Dr. Venter. So the challenge is how do you legislate risk
taking when it is sort of not built into the fabric of the
people and the government? But somehow we have to take greater
risk with this funding to get more value for that funding.
Mr. Peters. Did that used to happen on the natural because
there was more funding? And one of the things I have heard is
that, because of the reduced buying power, the reduced
investment, effectively, only the safe stuff is getting done,
that if there were more funding, it is alleged that risky stuff
would happen as part of the mix.
Dr. Venter. Well, there was more funding per capita. There
were almost an order of magnitude less scientists when I
started in my----
Mr. Peters. Right.
Dr. Venter. --career. And the funding from the Cancer
Institute, there was much more on reputation of the
investigator versus the sort of negotiated contract of the next
stage of the research. And it sort of had to go that way, I
think, because of fewer dollars per the number of researchers.
So, you know, there is no--I don't have a magic solution for
it, but----
Dr. Varmus. No. I----
Dr. Venter. --we need to change something.
Dr. Varmus. I don't have a magic solution. I would like to
comment briefly on the question, which, of course, is a very
important one. I don't think the model is essentially changed.
I think--and it is important to remember that, while much of
our research is conducted through grants that are given to
competing extramural investigators, we also have other ways of
doing research. For example, through an intramural program,
where there is a lot more stability, and a chance to encourage
risk taking.
And we also, within the NCI, have the privilege of having a
contract laboratory, the national--the Frederick National Lab
for Cancer Research out in Frederick, Maryland, where we can
undertake projects that are extremely risky, like the new RAS
initiative that I mentioned briefly in my testimony.
The question of how we get both investigators and reviewers
to take risks is a tricky one, because everyone recognizes this
is a limited pot of money, and when you have a good proposal
that seems very likely to yield tangible results, everybody's
focus tends to be on funding those first. And we have had to
create programs, like our Outstanding Investigator Award, like
the so-called Pioneer, and other innovation awards that are now
awarded----
Mr. Peters. Right.
Dr. Varmus. --throughout the NIH to try to encourage risk.

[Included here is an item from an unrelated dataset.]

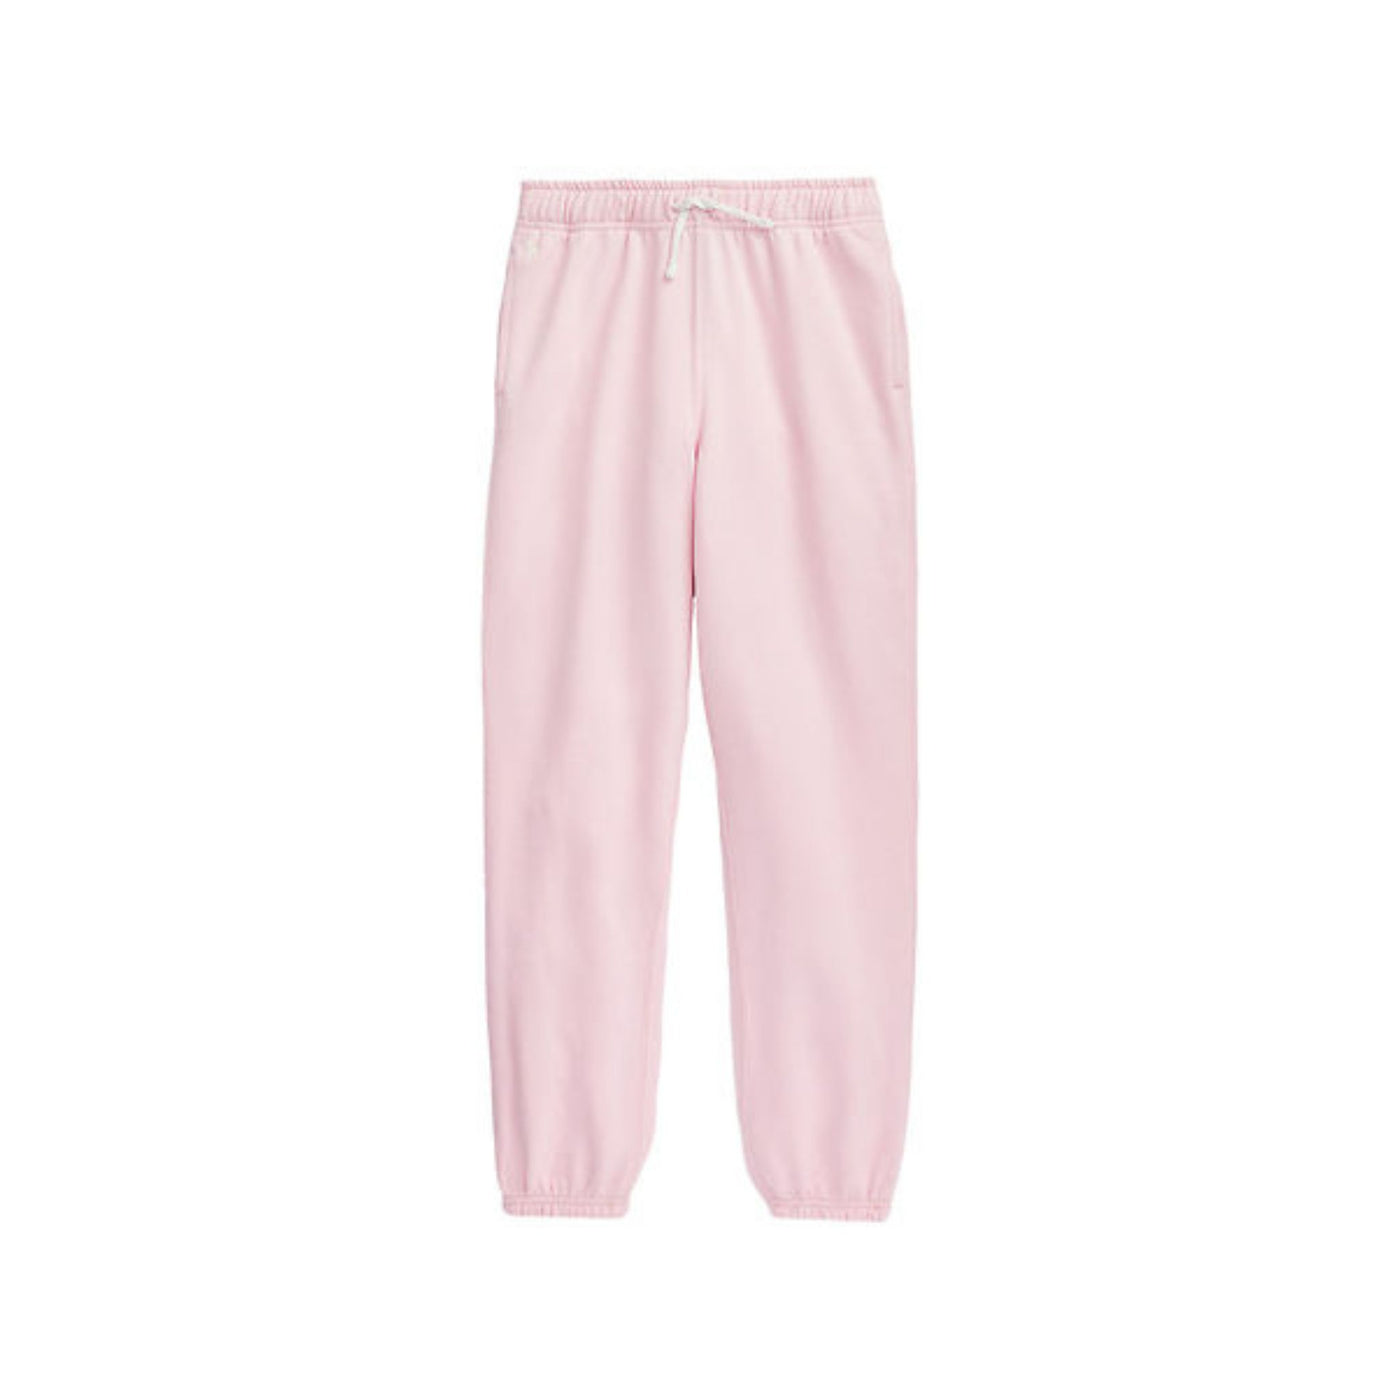 Pantalone da bambina rosa vista frontale

But it is not the NIH, it is the whole community that is seized
with this anxiety about how to undertake funding that is most
productive.
Dr. Tessier-Lavigne. If I may just comment briefly also on
the question.
Mr. Peters. We together have 15 seconds. Yeah, go ahead.
Dr. Tessier-Lavigne. The private sector is increasingly
trying to tap into the discoveries in the basic science
community, but they are not generating the knowledge, nor will
they. So there isn't a change in that sense. There is still--
nothing can substitute for the federal support of basic
research.
Mr. Peters. Well, thank you. Mr. Chairman, I appreciate the
hearing. I yield back.
Chairman Bucshon. And, again, we--they have called votes,
but for the first vote, we probably have 20, 25 minutes to get
there to vote, so we are going to continue on with our--with
recognizing Mr. Hultgren for five minutes.

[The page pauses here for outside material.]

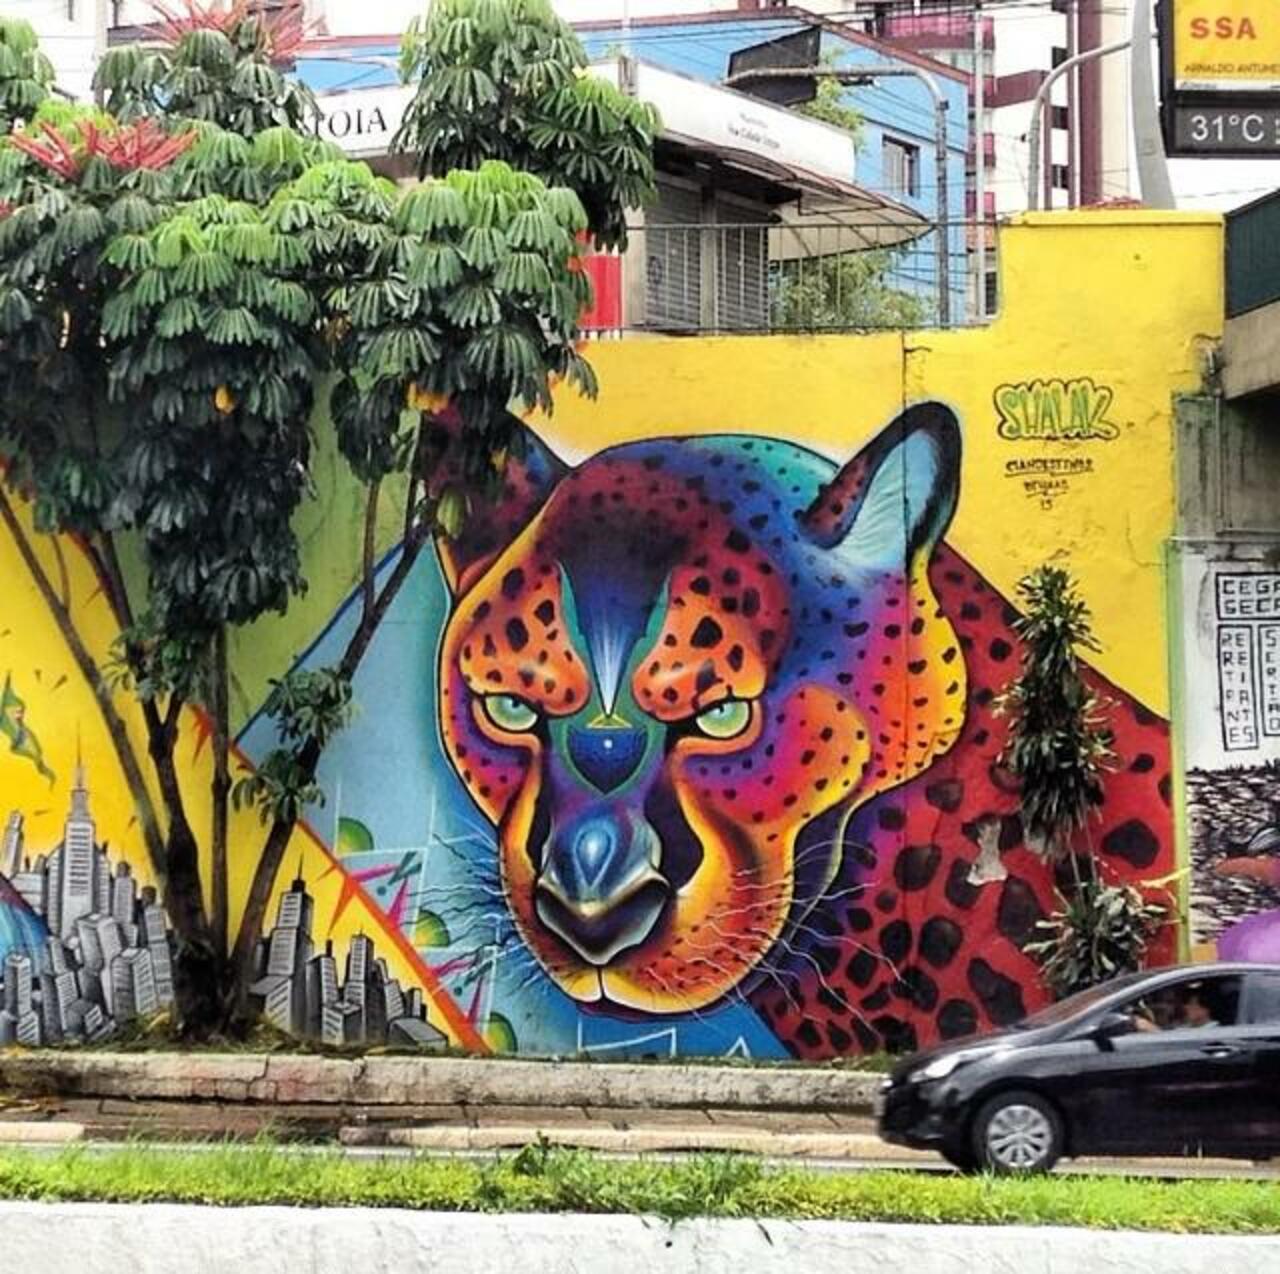 Artist ShalakAttack beautiful & colourful nature in Street Art piece in São Paulo 

#art #graffiti #mural #streetart http://t.co/05nfWawtRP

Mr. Hultgren. Thank you, Chairman. Thank you all for being
here. This is a very important hearing. It has been one of my
primary goals on the Committee, to make sure that our
laboratory system is set up, really, to provide the best bang
for the buck, and to better work in our national interest. I
just want to thank you for your work, and for your testimony
here today.
With the great innovation ecosystem in Illinois, I have
seen how labs provide a valuable resource to industry to do
work in facilities that no individual company could build. The
federal government does have a role in this space. Use of
facilities such as the advanced photon source at Argonne have
provided companies such as Abbvie with the unique research
capability to make groundbreaking discoveries.
What would normally take the company weeks on their own can
be done in days with samples spending more in overnight
deliveries than on the lab bench. My scientists at FERMI have
also done key research in the accelerator technology necessary
to finish the Linac Coherent Light Source upgrade at SLAC.

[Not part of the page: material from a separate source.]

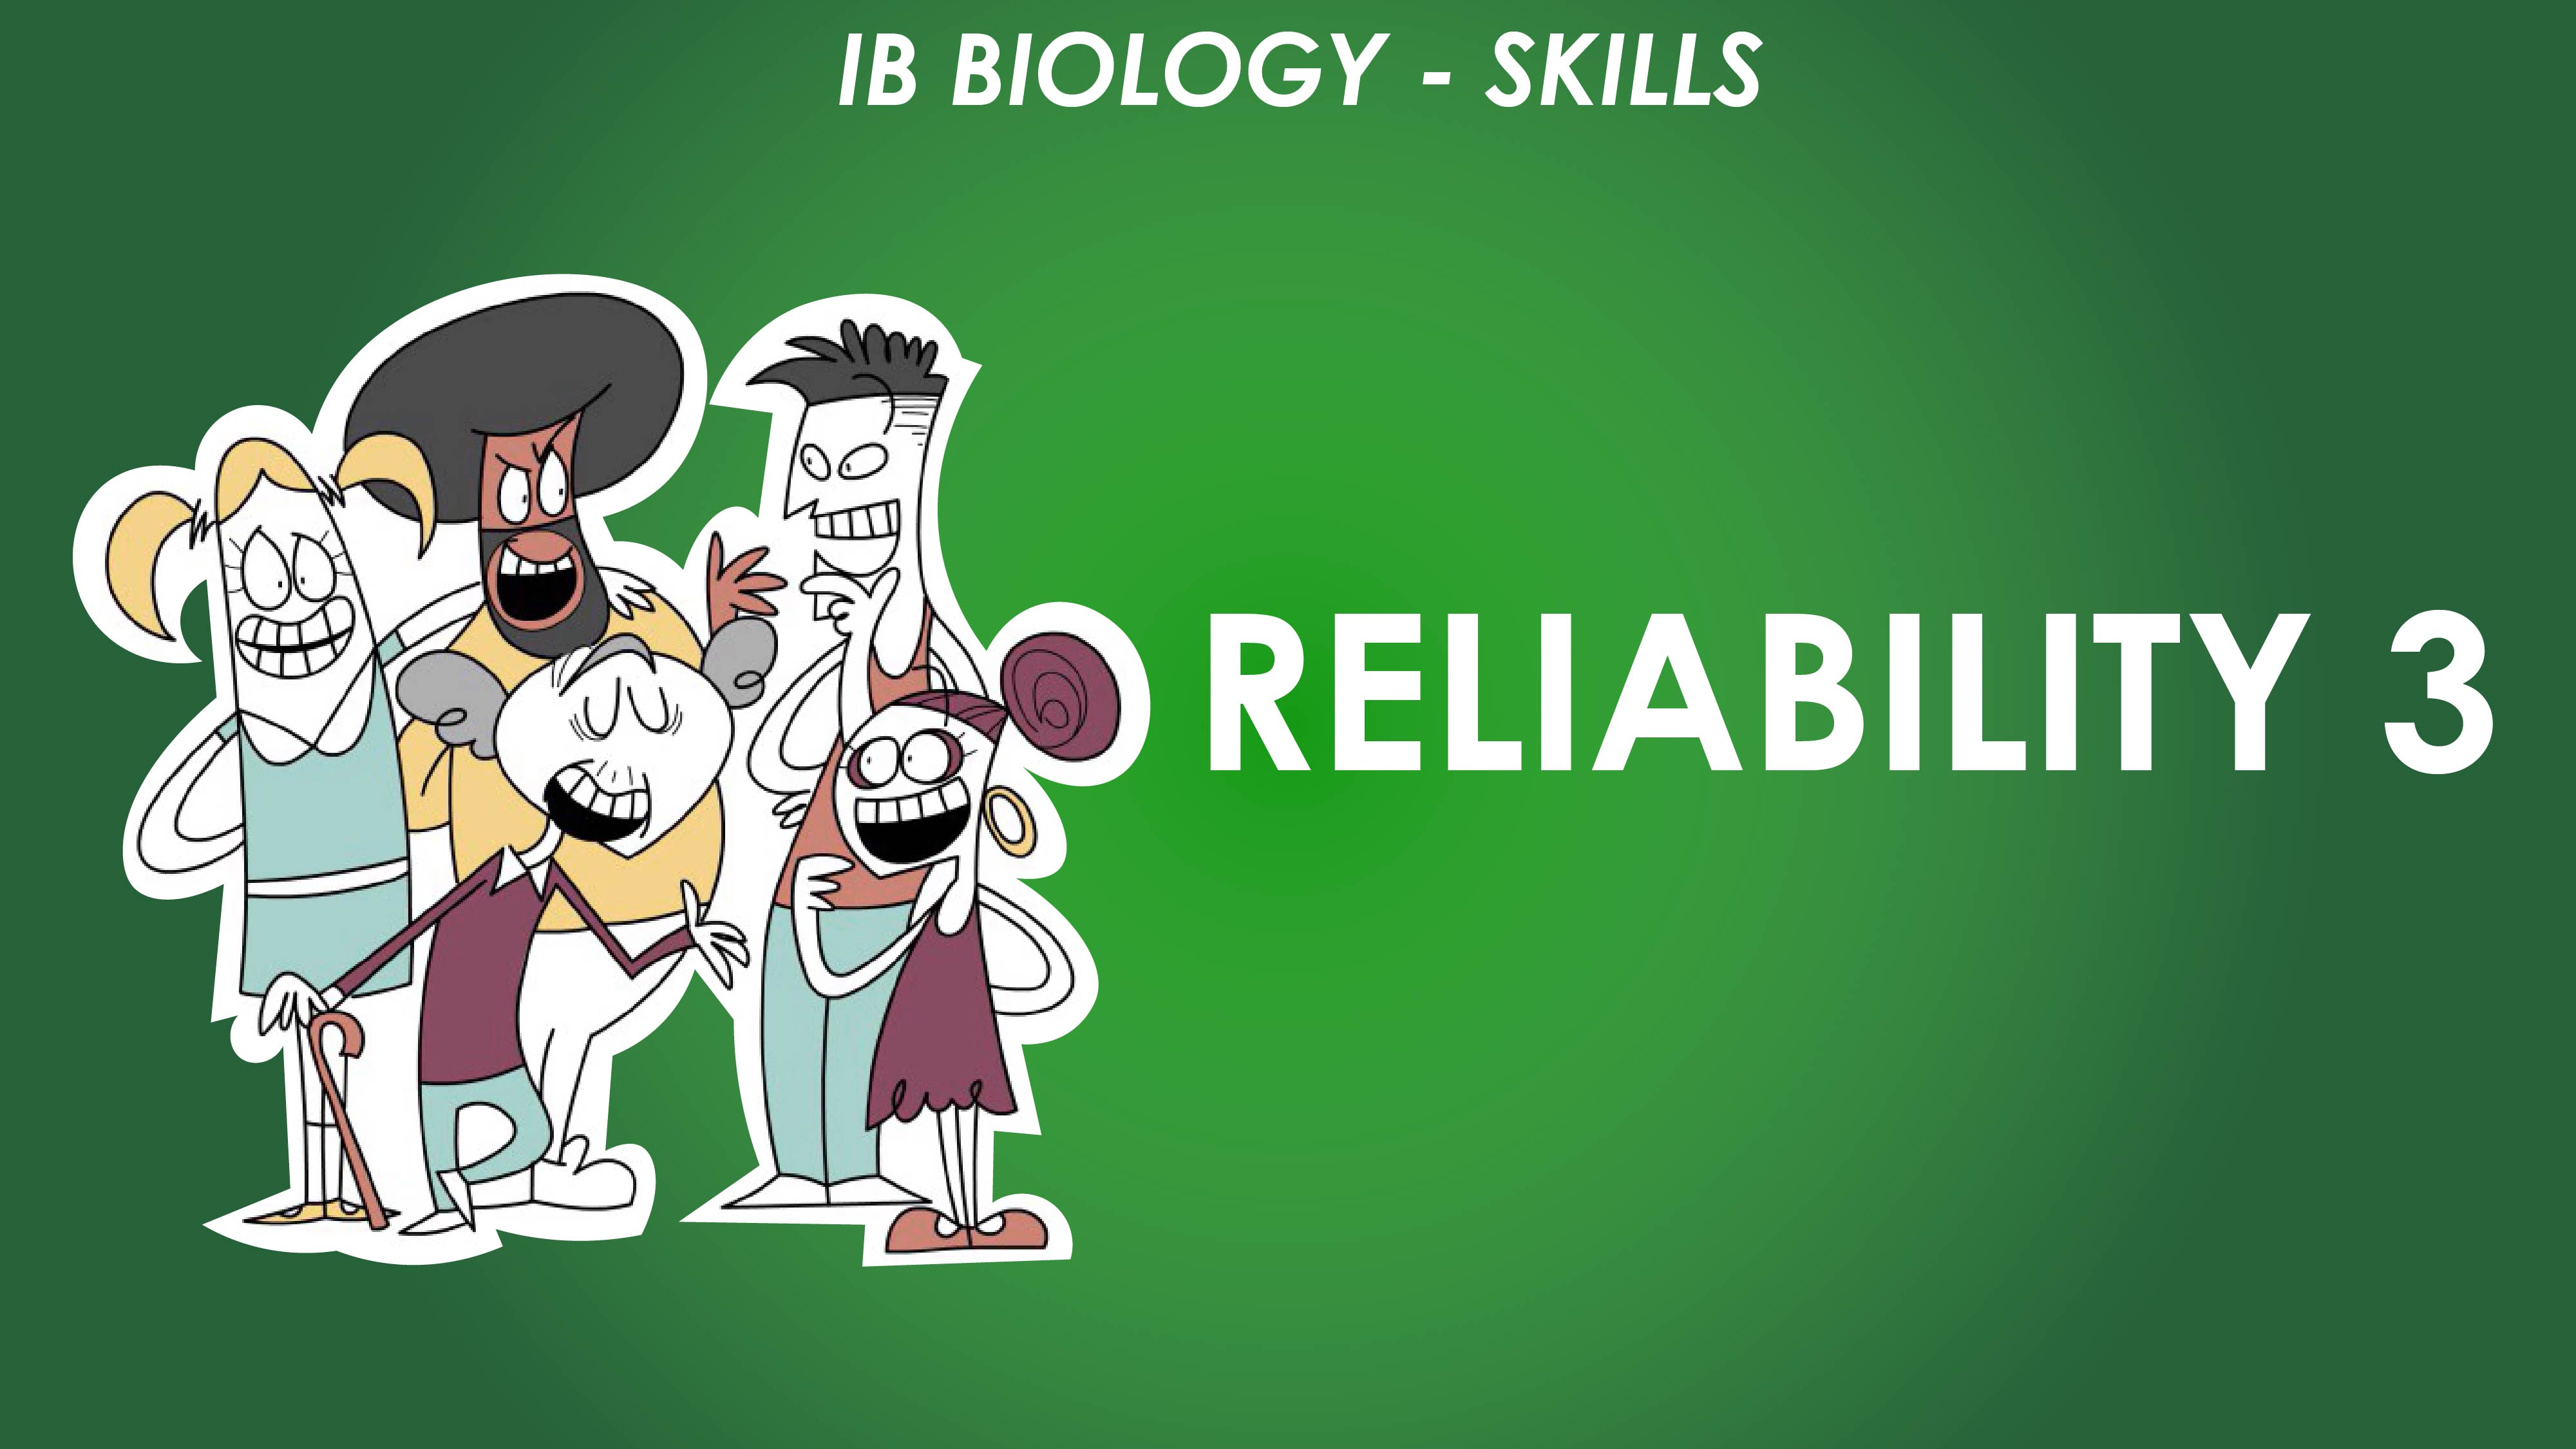 Reliability 3 - IB Biology Skills

Yesterday I introduced a bill to help modernize the
national labs with my good friend Mr. Kilmer from Washington,
along with Chairman Smith, and other Members from the
Committee. We are looking to make sure that these facilities
are open to partner with industry when it makes sense, ensuring
that discoveries are not stuck in the lab.
Dr. Tessier-Lavigne, how are the goals of pharmaceutical
R&D different from federally funded research projects, and I
wonder if you could explain--but also how can the federal
government help to better accelerate innovation in this field?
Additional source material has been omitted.